### DIRECTIONS
Your task is to copy the listing exactly. Drop any pictures from the copy.

### DATA EXTRACT
****************

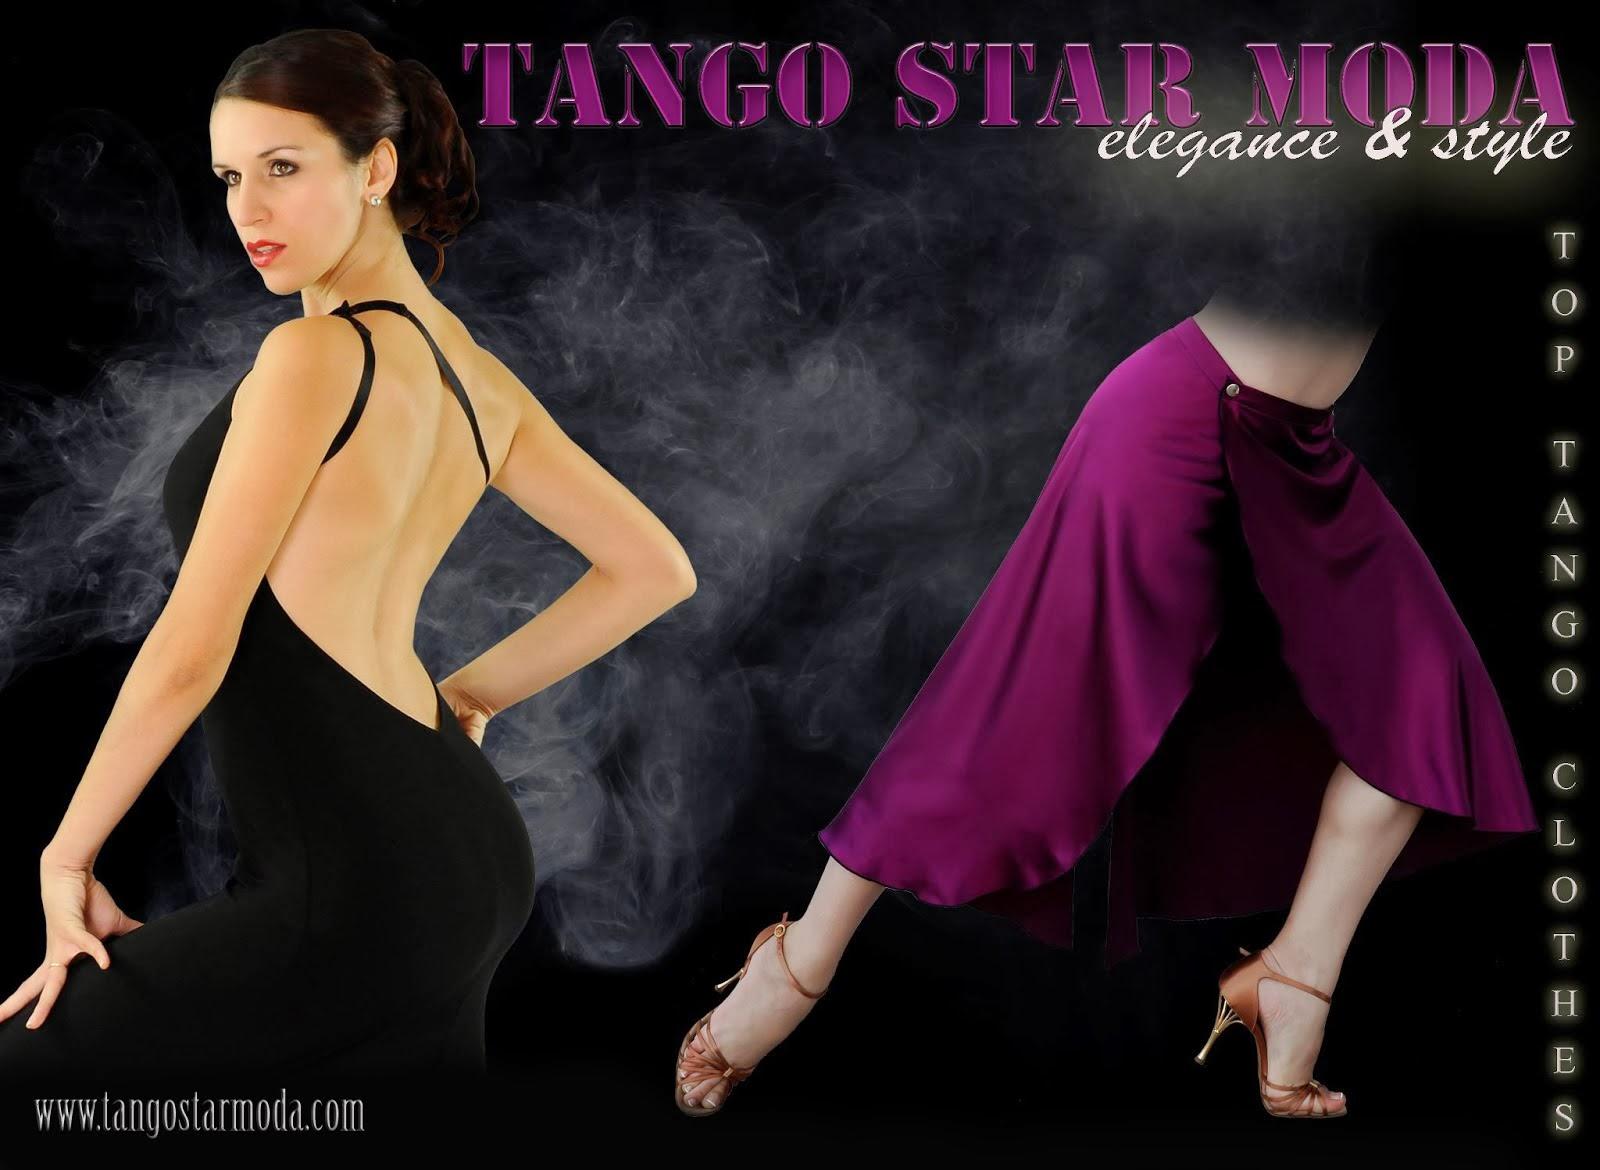 www.tangostarmoda.com
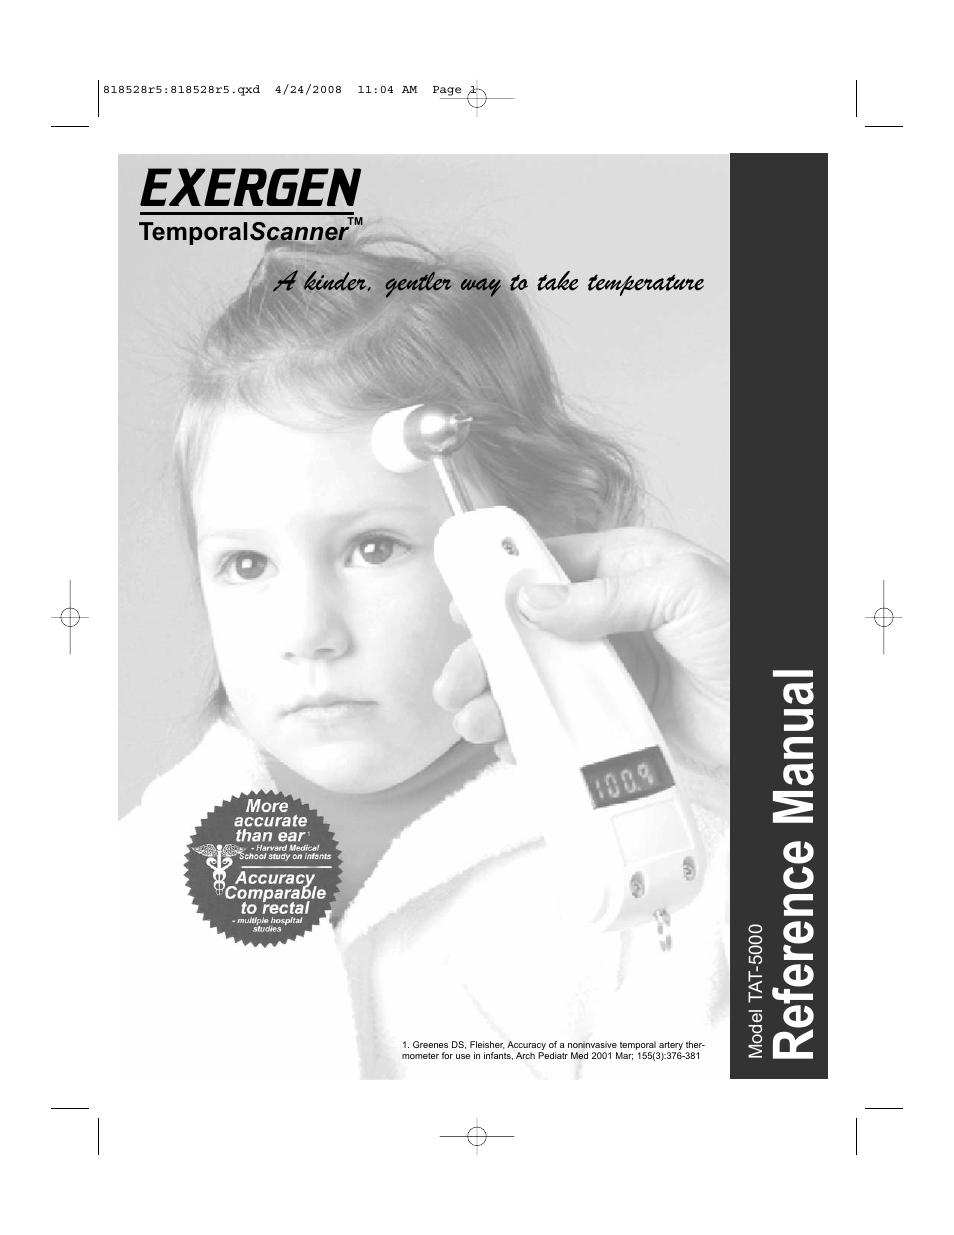 Exergen Temporalscanner Tat Manual Guide
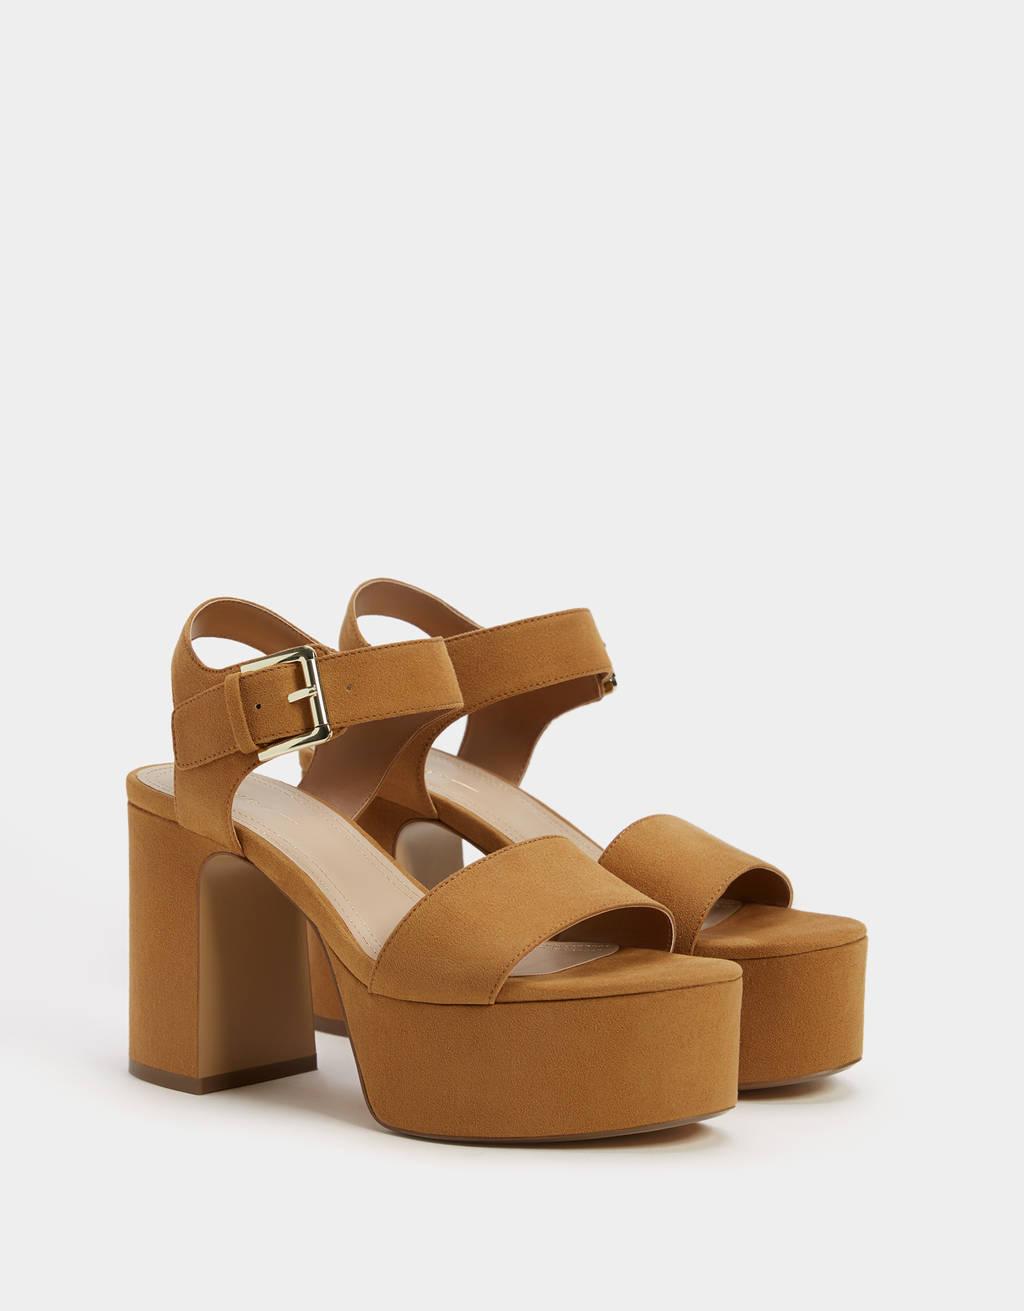 High-heel platform sandals

****************

### EXERCISE RESPONSE
 www.tangostarmoda.com
 Exergen Temporalscanner Tat Manual Guide
 High-heel platform sandals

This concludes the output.